Hanscom hangar

Concord taps outside help for Hanscom fight

By Celeste Katz Marston Celeste@theconcordbridge.org
August 15, 2023

With Concord residents and environmental advocates raising objections to a major expansion of private hangar space at Hanscom Field, the Select Board has voted to lawyer up to collect public records on the controversial proposal. 

The Board voted unanimously at its most recent meeting to retain Boston environmental firm McGregor Legere & Stevens to file requests for documents related to the potential deal under the Freedom of Information Act.

The expansion proposed by Runway Realty Ventures and North Airfield Ventures would add 27 hangars to Hanscom. The airfield borders Concord and three other communities — Bedford, Lexington and Lincoln — and its air traffic affects an even larger area. 

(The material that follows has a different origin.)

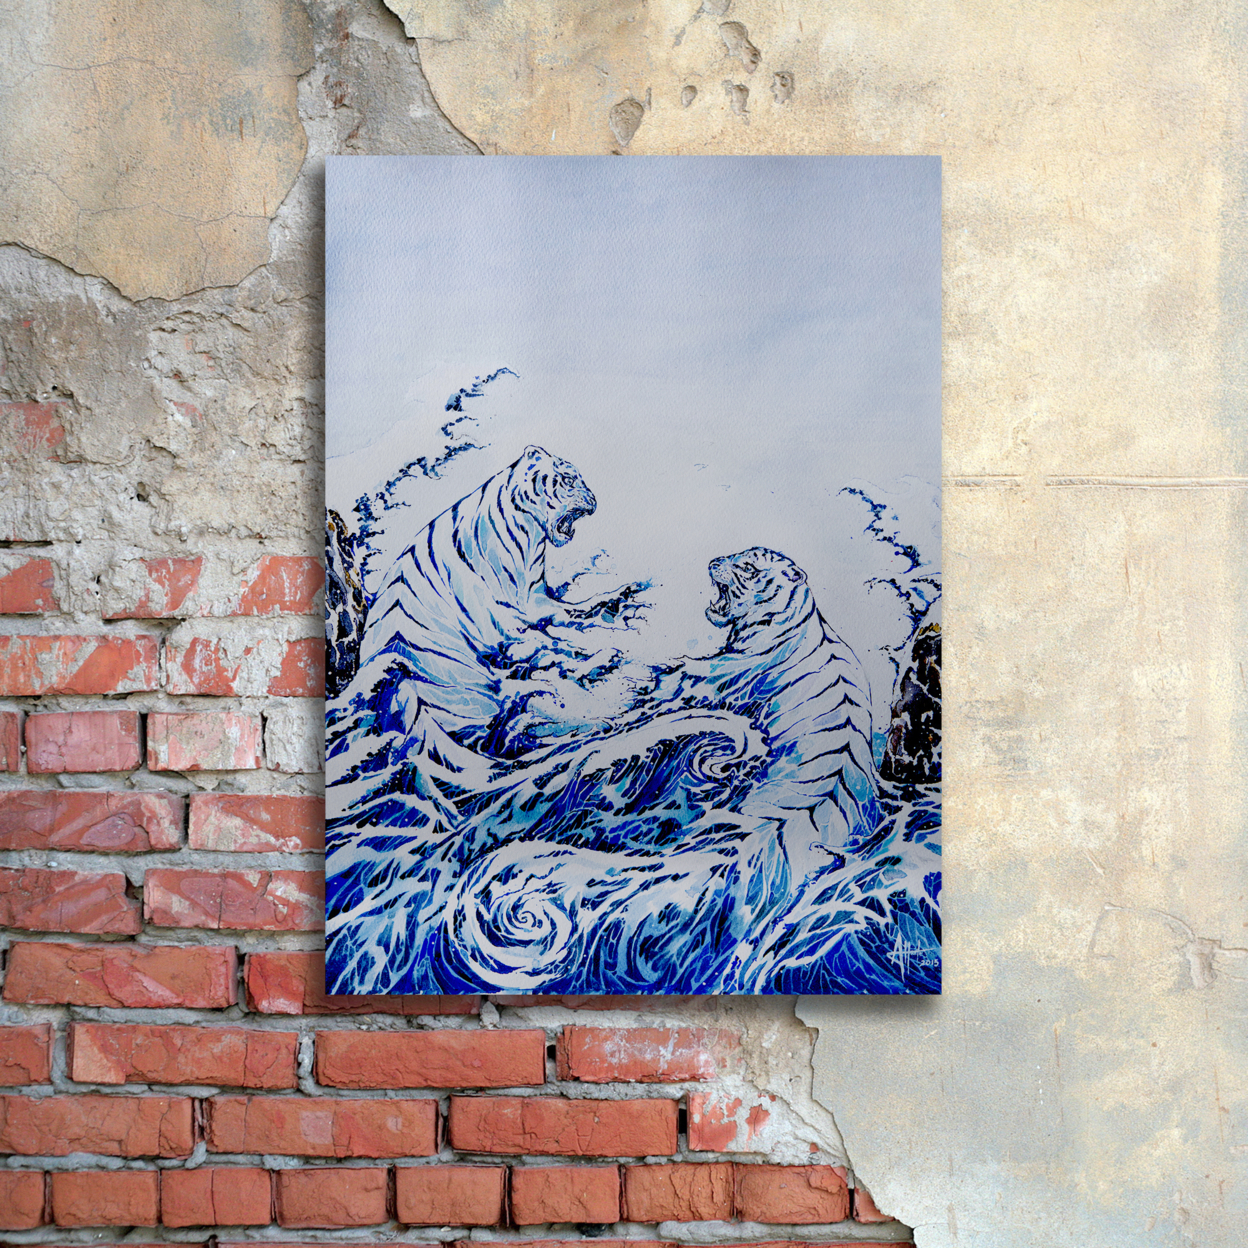 Marc Allante 'The Crashing Waves' Floating Brushed Aluminum Art 16 X 22

The Massachusetts Port Authority, or Massport, which operates the site, supports the plan as a way to accommodate growing private jet traffic in the region. But the expansion has come under heavy fire from neighbors and environmental groups who say it will inundate the area with pollution and noise as it caters to wealthy private jet owners. 

While soliciting public opinion, putting up yard signs and raising objections with elected officials are all part of the process, “what is going to have the most serious effect on this is challenging the environmental review, [which] is a technical and legal process,” Select Board Chair Henry Dane said. 

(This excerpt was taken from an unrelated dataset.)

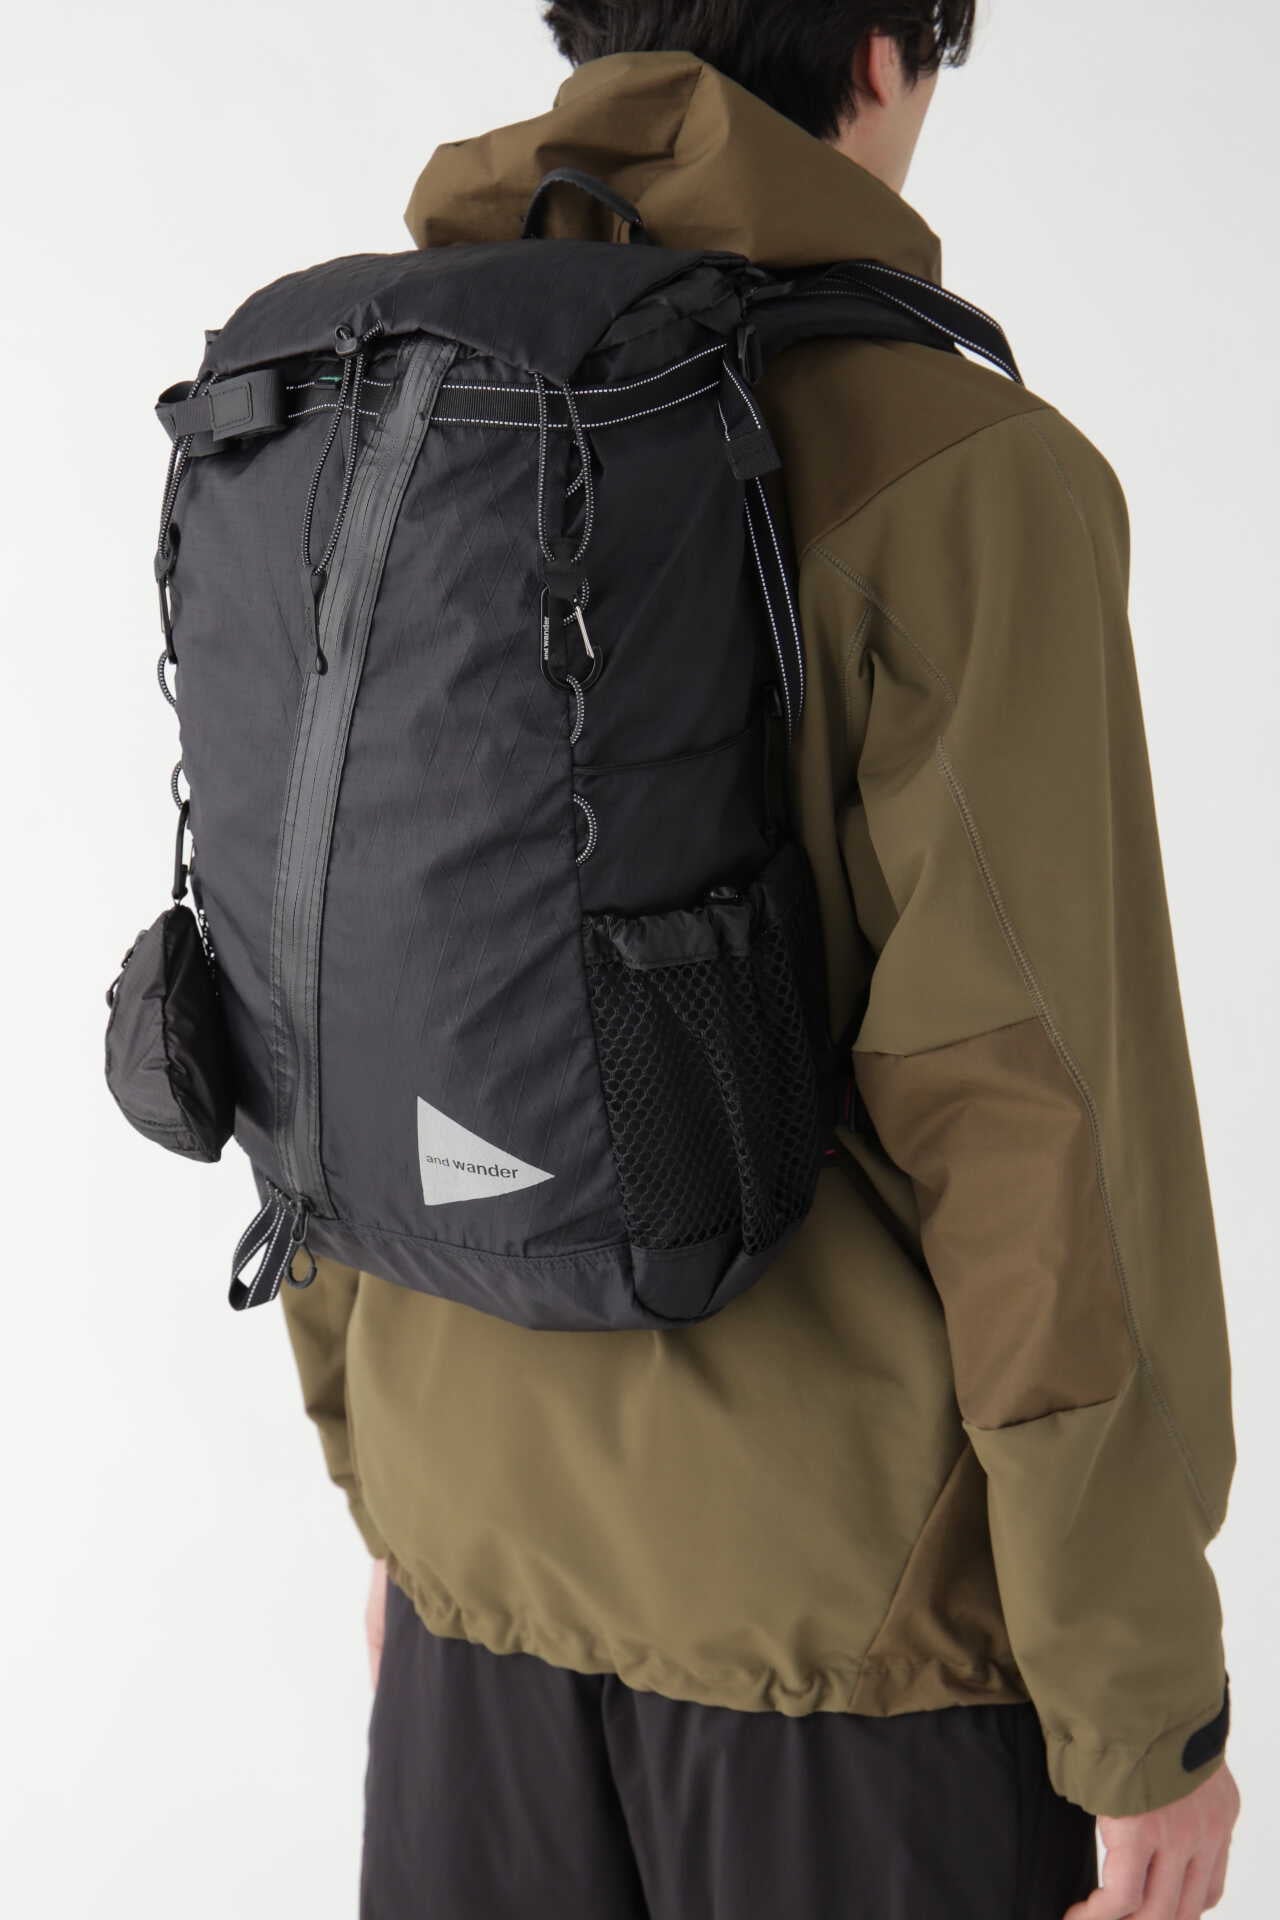 675グラムand wander X-Pac 30L backpack

“Our thought,” he continued, “was that the best expenditure of our time and money was to engage the services of an environmental expert to both monitor the environmental review process and to provide us with consulting services [which] would help us to stay on top of the situation.”

As Town Manager Kerry Lafleur noted in an August 2 memo to the Board recommending that Concord retain McGregor’s services, the Hanscom proposal would affect 47 acres of land, add 194 average daily vehicle trips and generate more than 12,000 gallons per day of wastewater. 

Notably for Concord, Lafleur wrote, sites including Minute Man National Historical Park and Great Meadows Wildlife Refuge “are on a direct path with the east-west runway, as well as many cultural resources and open spaces that bring visitors to this region.”

Lafleur recommended the town hire McGregor, Legere & Stevens for a fixed fee of $7,500 for “Phase 1A Services” — a starting point that includes a records analysis and strategy session. She noted that while Anderson Kreiger would usually handle the matter as Concord town counsel, the firm also provides legal advice to Massport and so has a conflict. 

McGregor, Legere & Stevens founder Gregor McGregor, a Concord resident, proposed starting with broad-based public records requests: “I would say [the] key to this town being effective, and this board especially, is to have information,” he said. “Otherwise you’re just reacting. Otherwise, you’re just the tail on the dog.”

McGregor also said Concord could check to see if other towns concerned about the Hanscom expansion are making similar records requests and possibly team up with them to pool costs. 

Bottom line, “This is about trying to get information that Hanscom may or may not want to share with you,” he said. 

A Draft Environmental Impact Report on the Hanscom project, including a study of carbon emissions, is due out this fall.